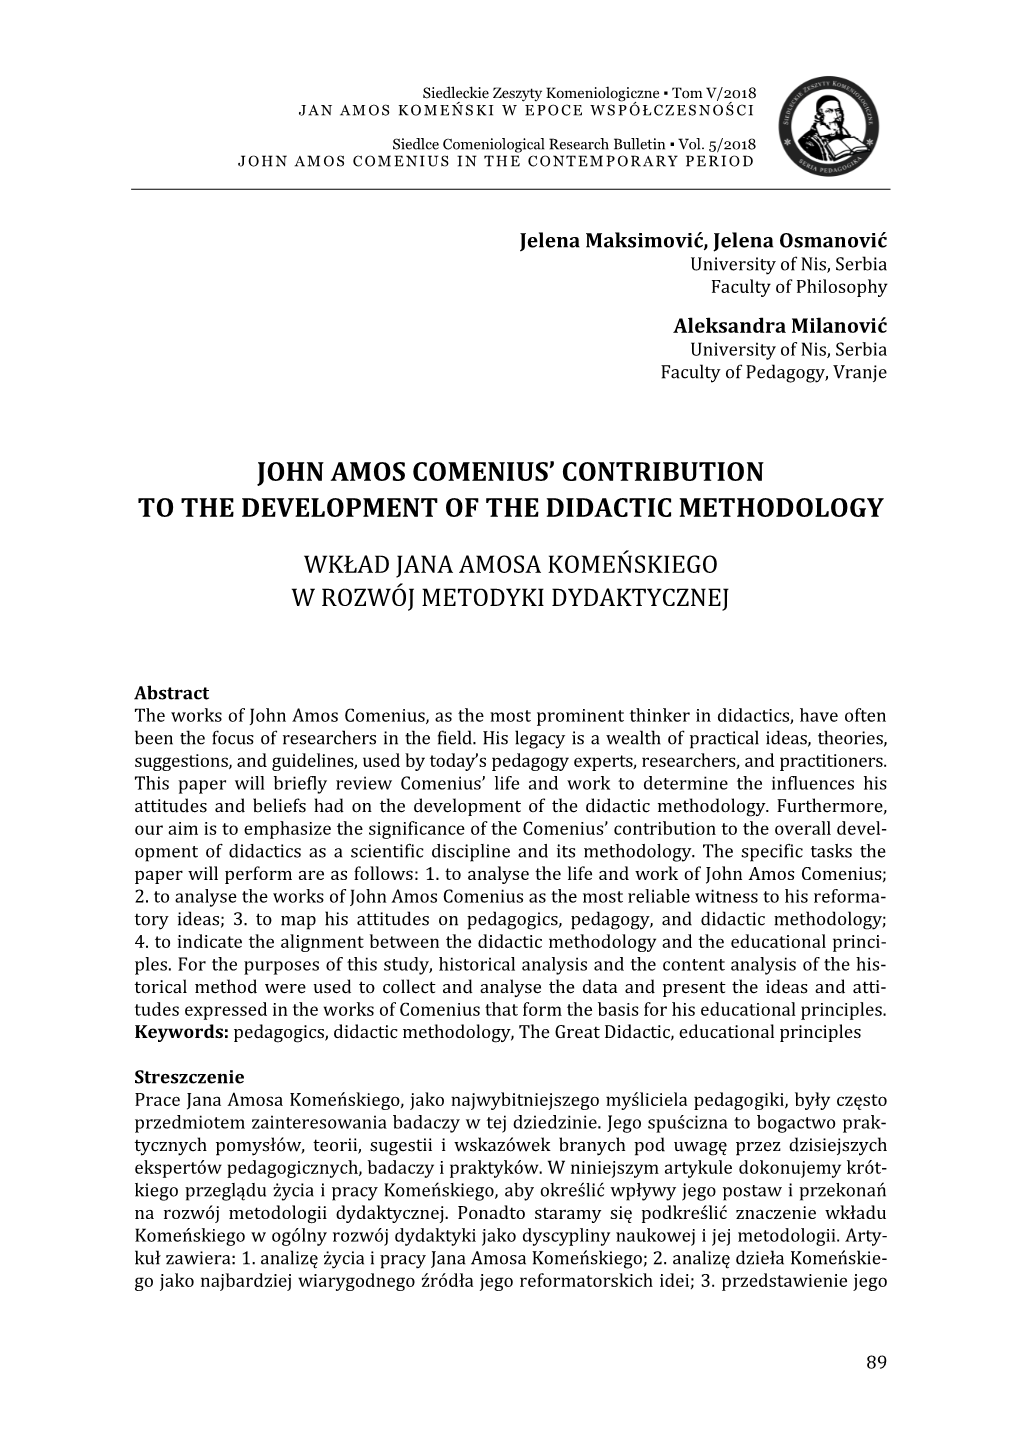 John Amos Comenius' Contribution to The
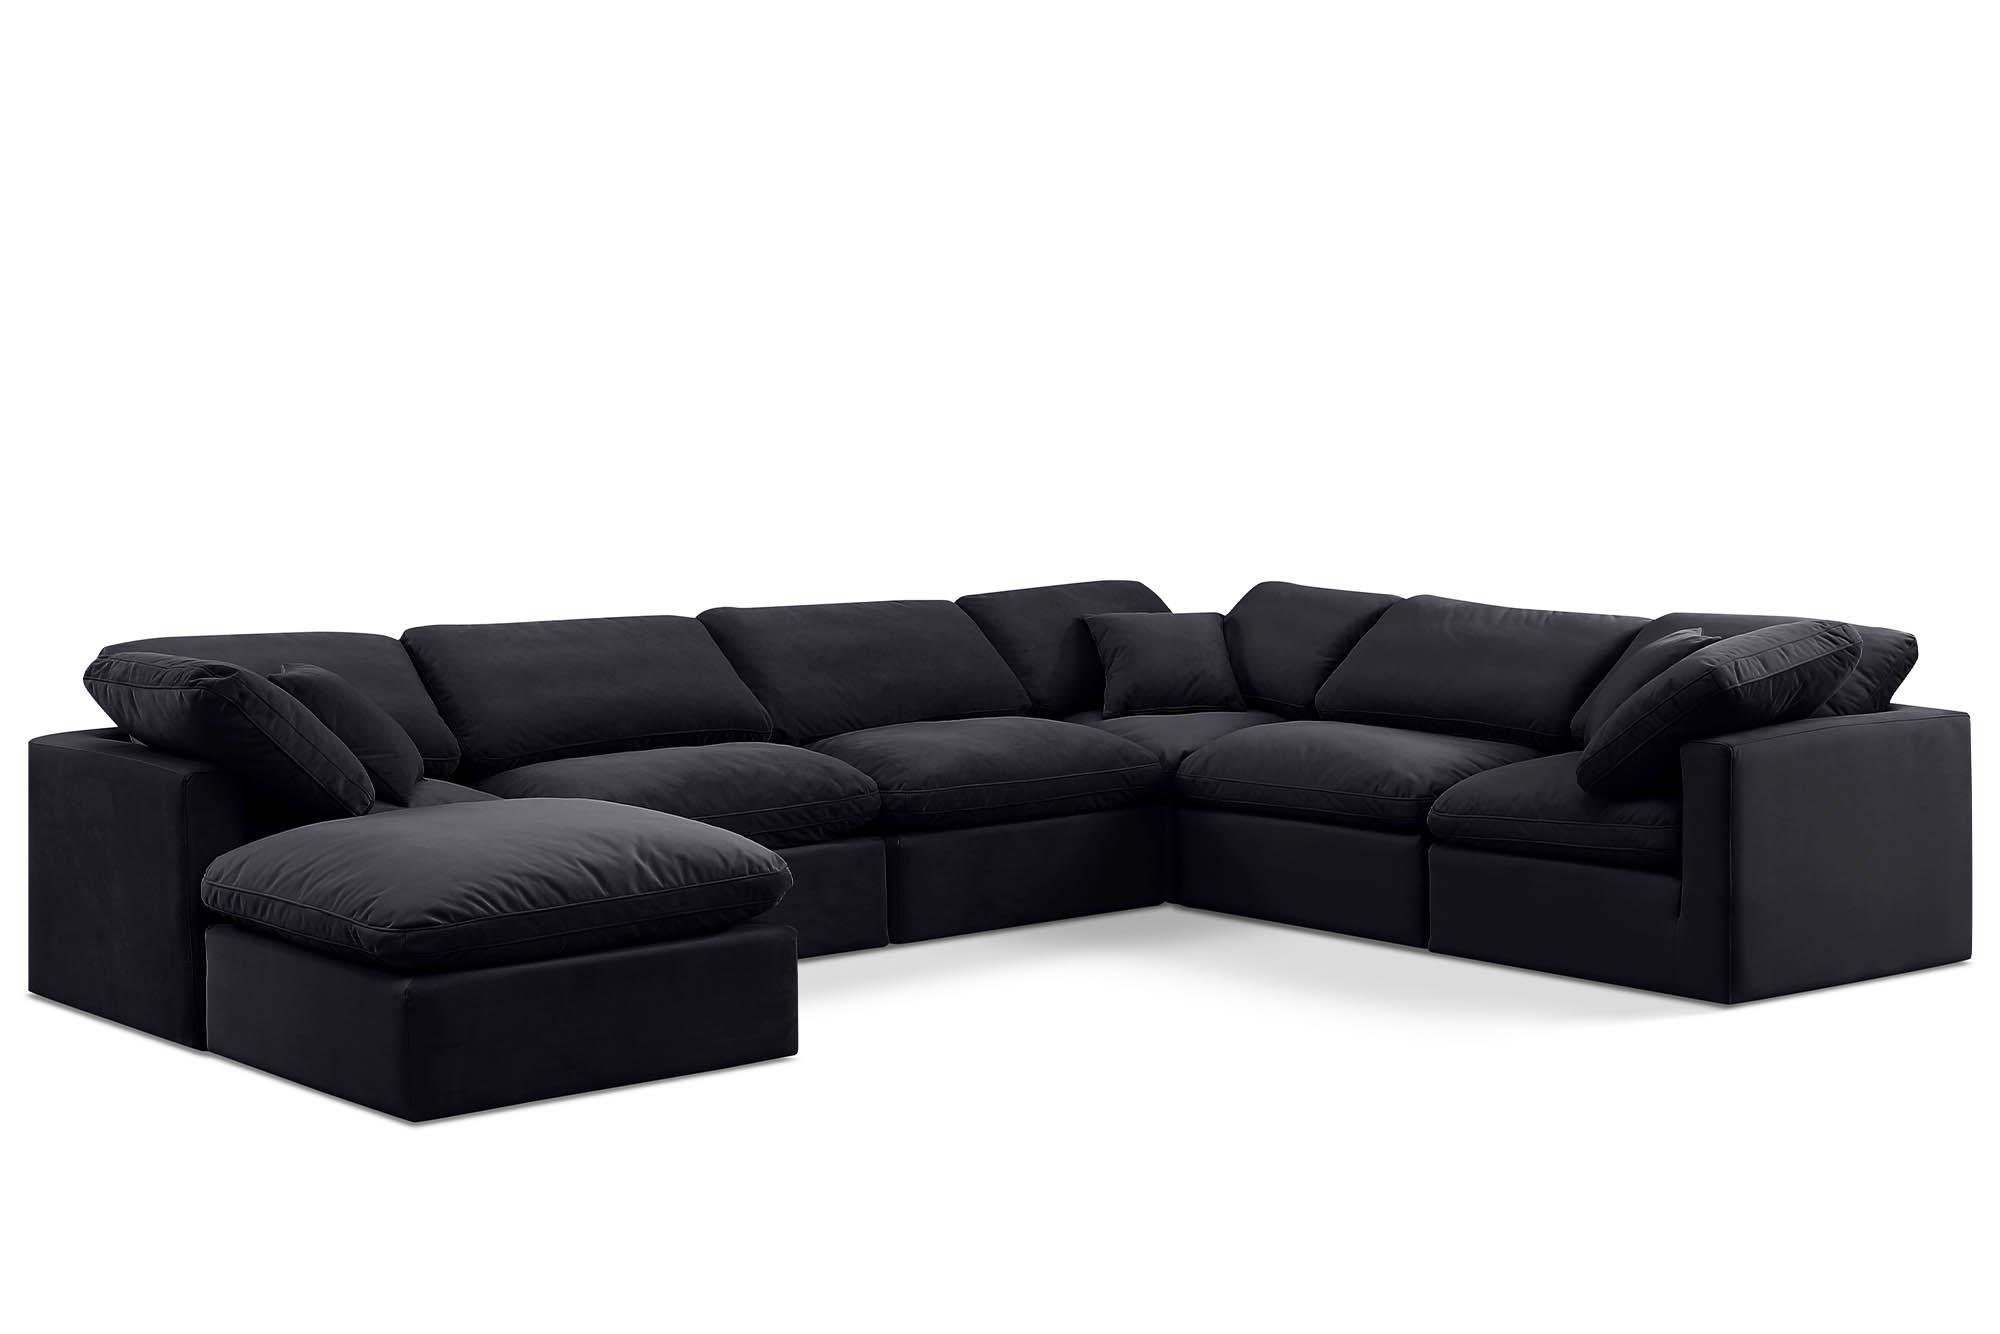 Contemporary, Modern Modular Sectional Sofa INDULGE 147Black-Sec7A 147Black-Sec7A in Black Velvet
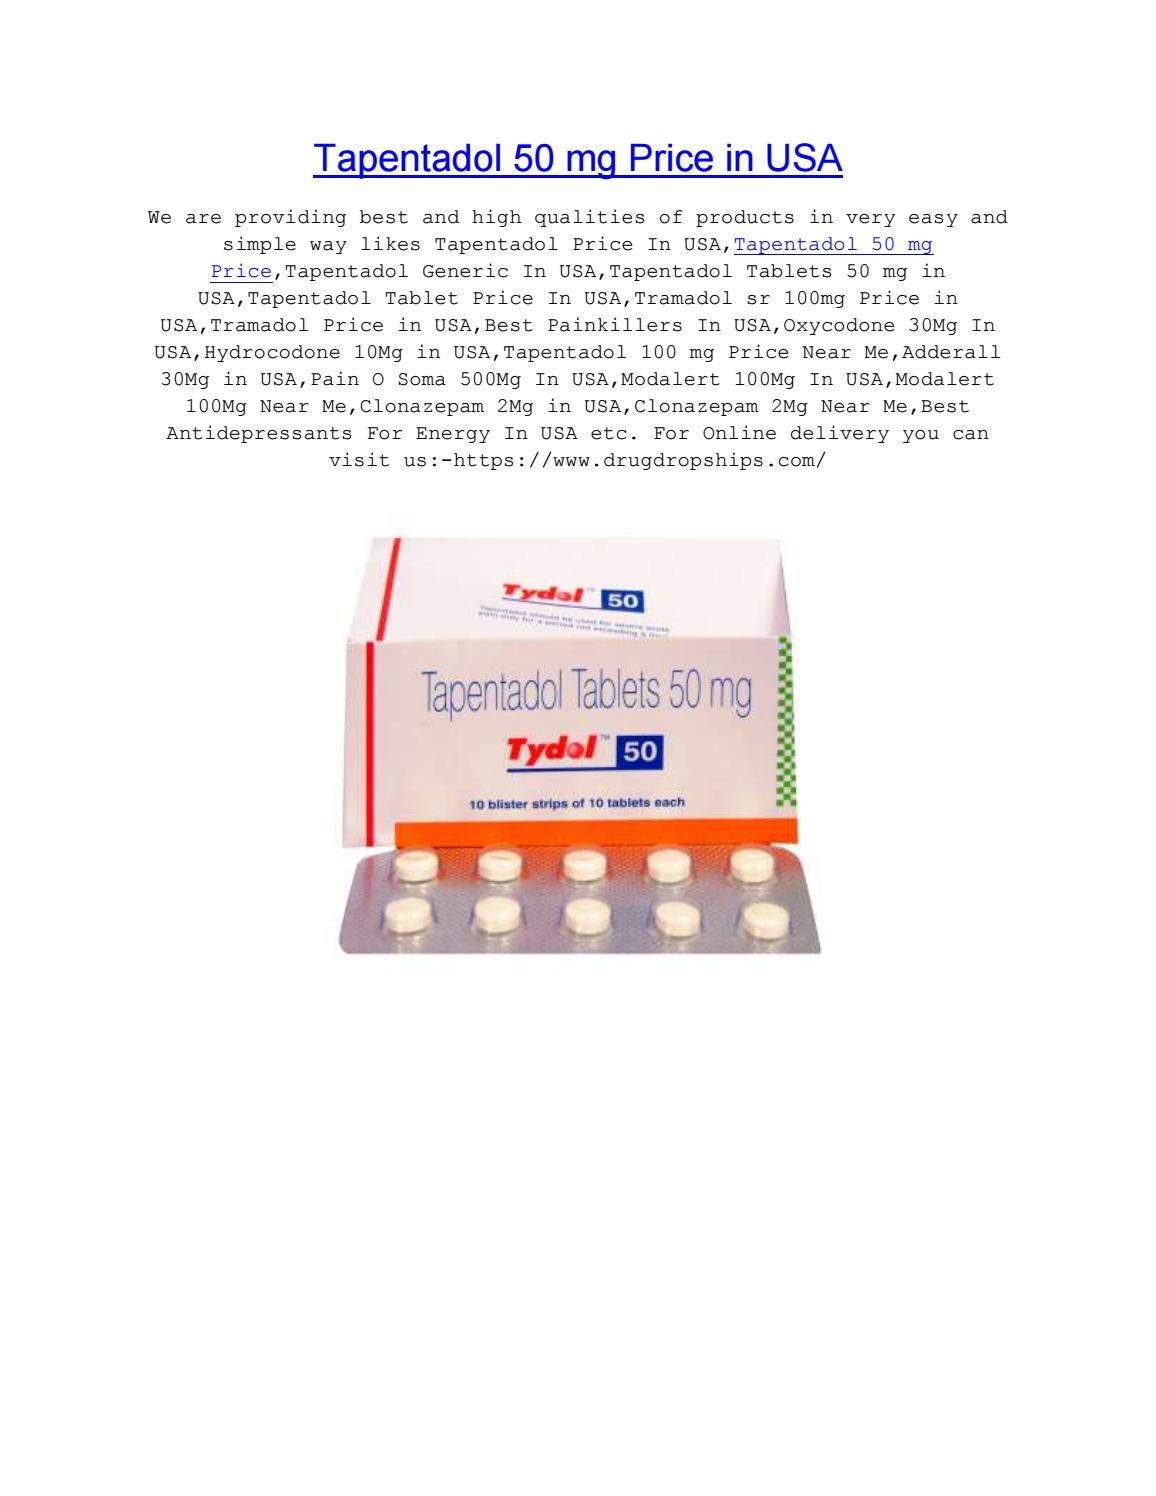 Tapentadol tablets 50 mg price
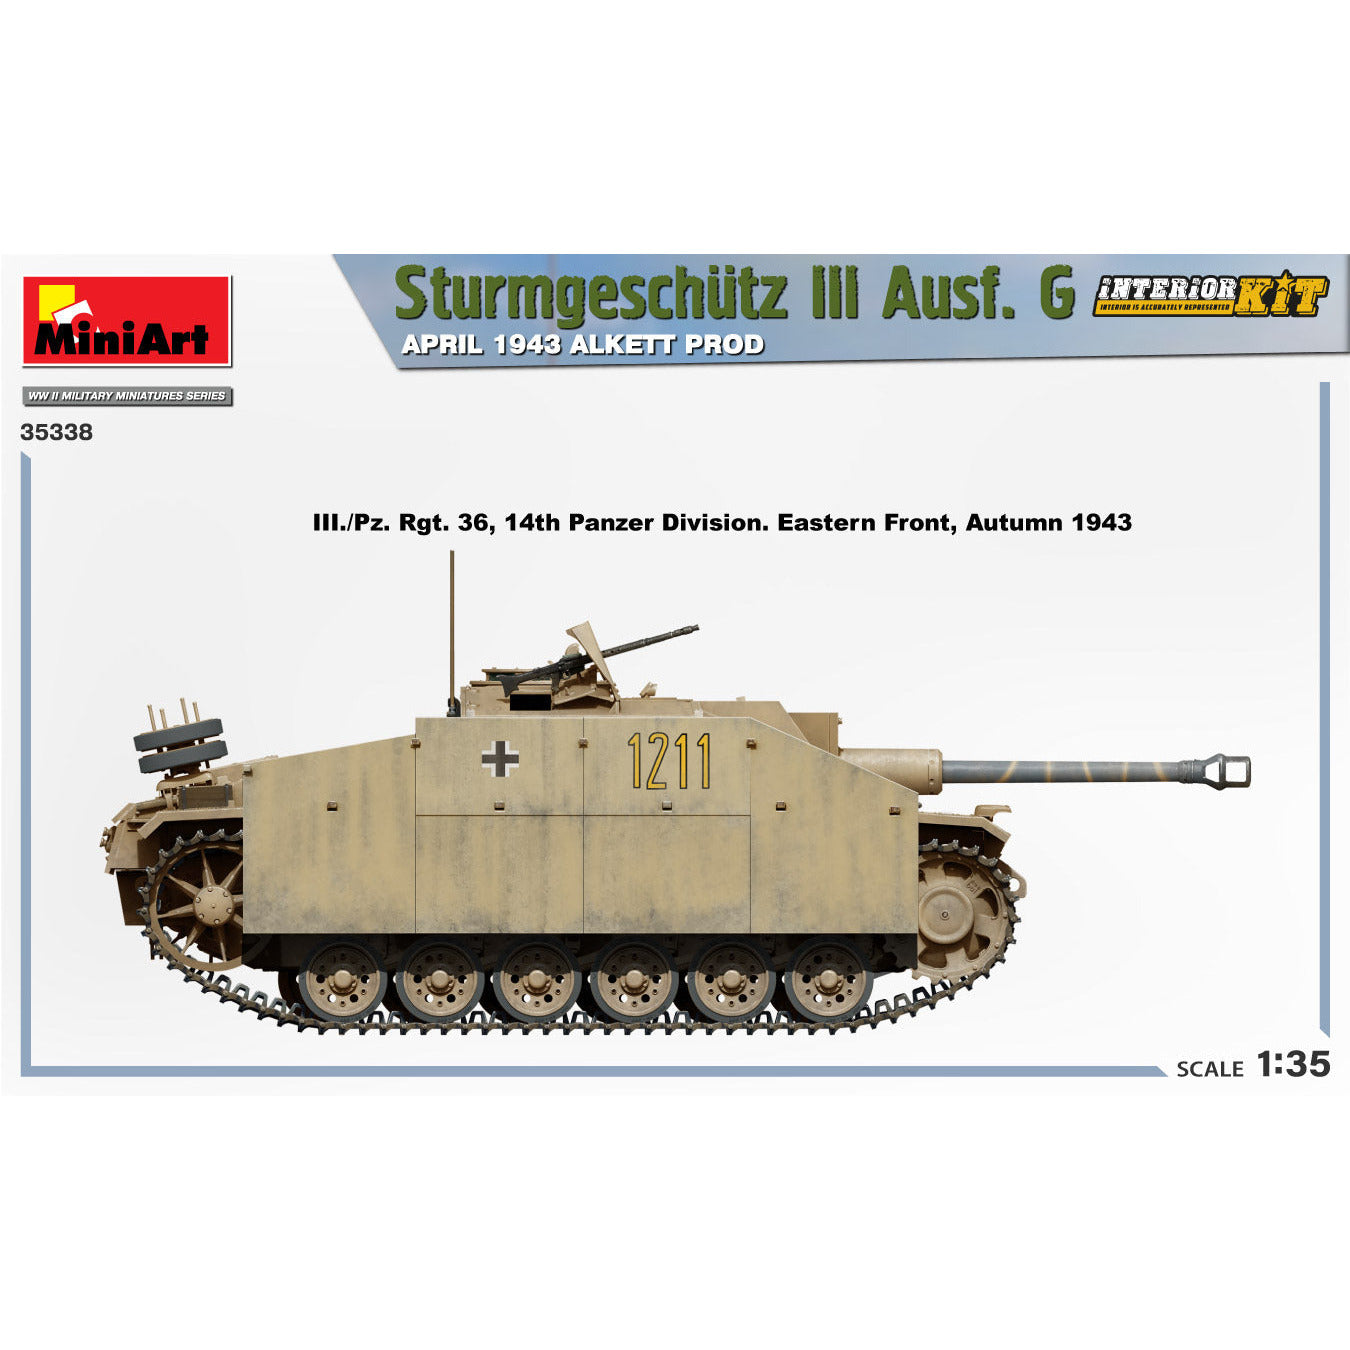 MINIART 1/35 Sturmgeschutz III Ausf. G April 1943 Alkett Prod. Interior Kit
::::
▶ [PROBLEM DESCRIPTION] Using the material above, set down every line exactly, but skip the pictures.

▶ [RESPONSE TO THE TASK]
 John Amos Comenius' Contribution to The
 Contemporary, Modern Modular Sectional Sofa INDULGE 147Black-Sec7A 147Black-Sec7A in Black Velvet
 Tapentadol tablets 50 mg price
 MINIART 1/35 Sturmgeschutz III Ausf. G April 1943 Alkett Prod. Interior Kit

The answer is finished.